# Sell it or keep it?



## Hoganflagle (Sep 21, 2019)

I have an old HO set that the cars were primarily the two screw chassis to shell type which I assume are Aurora Model Motoring? 

At some point my father must have added an AFX car to the set but it was after I had joined the Marines in 73 since the AFX has a 1978 copyright logo on the back. It is an AFX magna-traction car and is a 1954 Corvette GT that is orange with red and silver stripes and a number 12 on it. It is still in the unopened cardboard and sealed plastic display container. 

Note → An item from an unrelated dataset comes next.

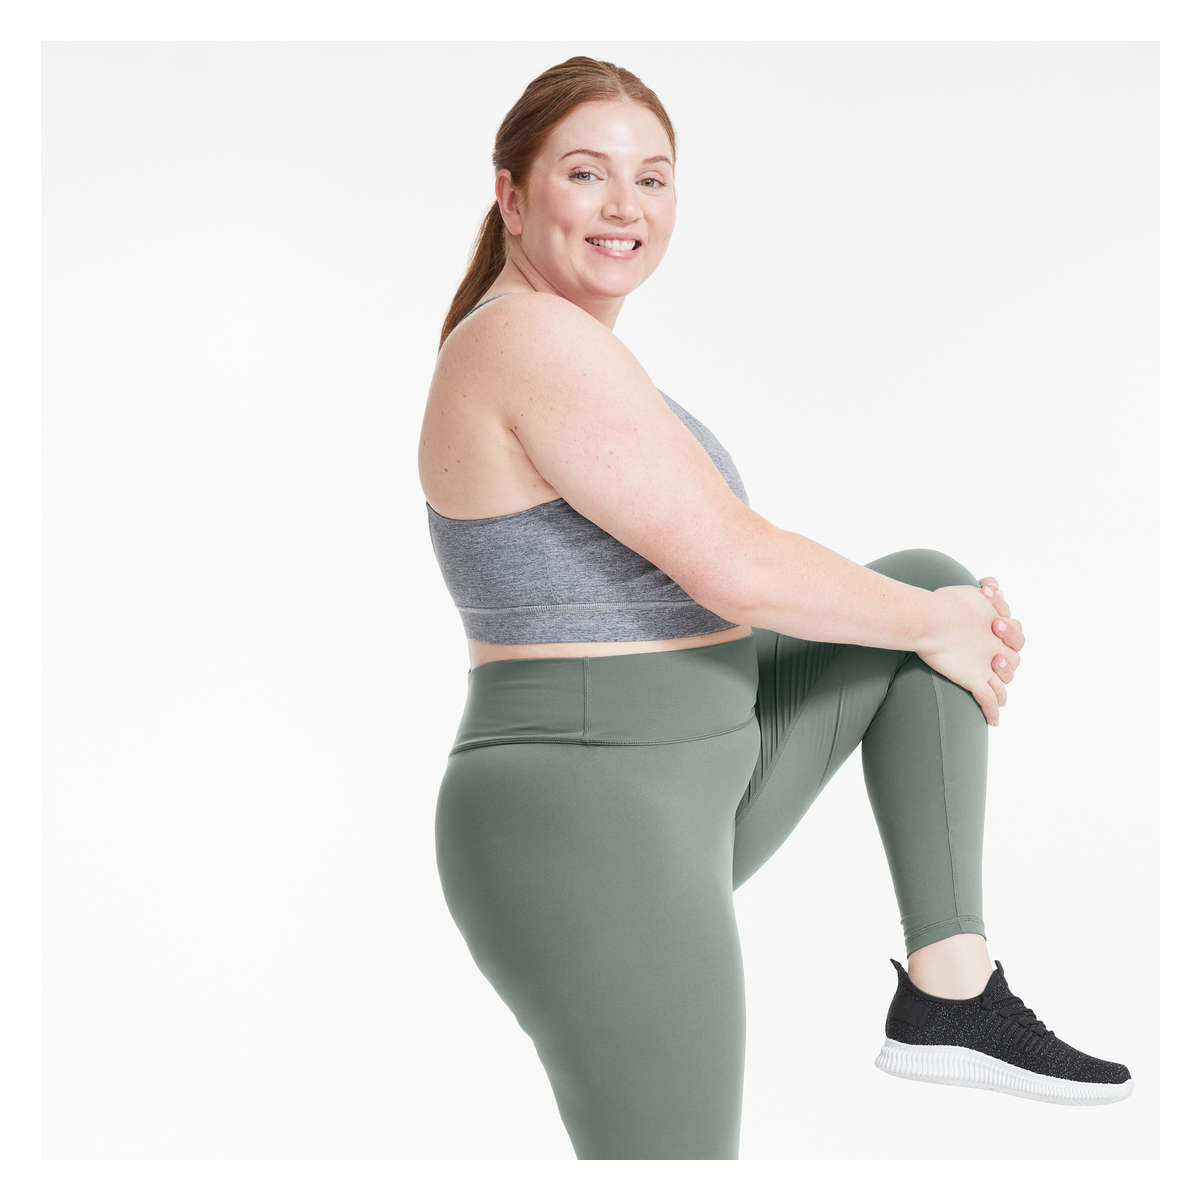 Four-Way Stretch Active Legging in Dark Olive from Joe Fresh

I don't know if this is a fairly common AFX or a rare one. If common then I will keep it to add to the very small pool of cars I have. Opinions?


----------



## Rich Dumas (Sep 3, 2008)

1954 is actually the Aurora catalog number, the car is modeled after the famous Greenwood Corvette. Bob Beers' book on Aurora slot cars lists it as Very Common, it was sold from 1979 to 1981 If the car was loose it probably would not be worth a great deal, but yours is still in the original packaging, so it would be worth more to a collector. I have no idea what you might ask if you wanted to sell this car, the person to ask would be Bob Beers.


----------



## Hoganflagle (Sep 21, 2019)

*Thanks*



Rich Dumas said:


> 1954 is actually the Aurora catalog number, the car is modeled after the famous Greenwood Corvette. Bob Beers' book on Aurora slot cars lists it as Very Common, it was sold from 1979 to 1981 If the car was loose it probably would not be worth a great deal, but yours is still in the original packaging, so it would be worth more to a collector. I have no idea what you might ask if you wanted to sell this car, the person to ask would be Bob Beers.


Thank you for the education! Had it been rare I might have parted with it but since it is common I will add it to the stable; thanks for your response.


----------



## Milton Fox Racing (May 27, 2014)

If you do decide to part with it someday. Send me a PM first, please! I collect diecast Corvettes, but do have a few slot cars already. :cheers2:


----------



## Rich Dumas (Sep 3, 2008)

The loose car might not be rare but the packaged car is VERY VERY rare, so you should consult with an expert before you take the car out of the package.


----------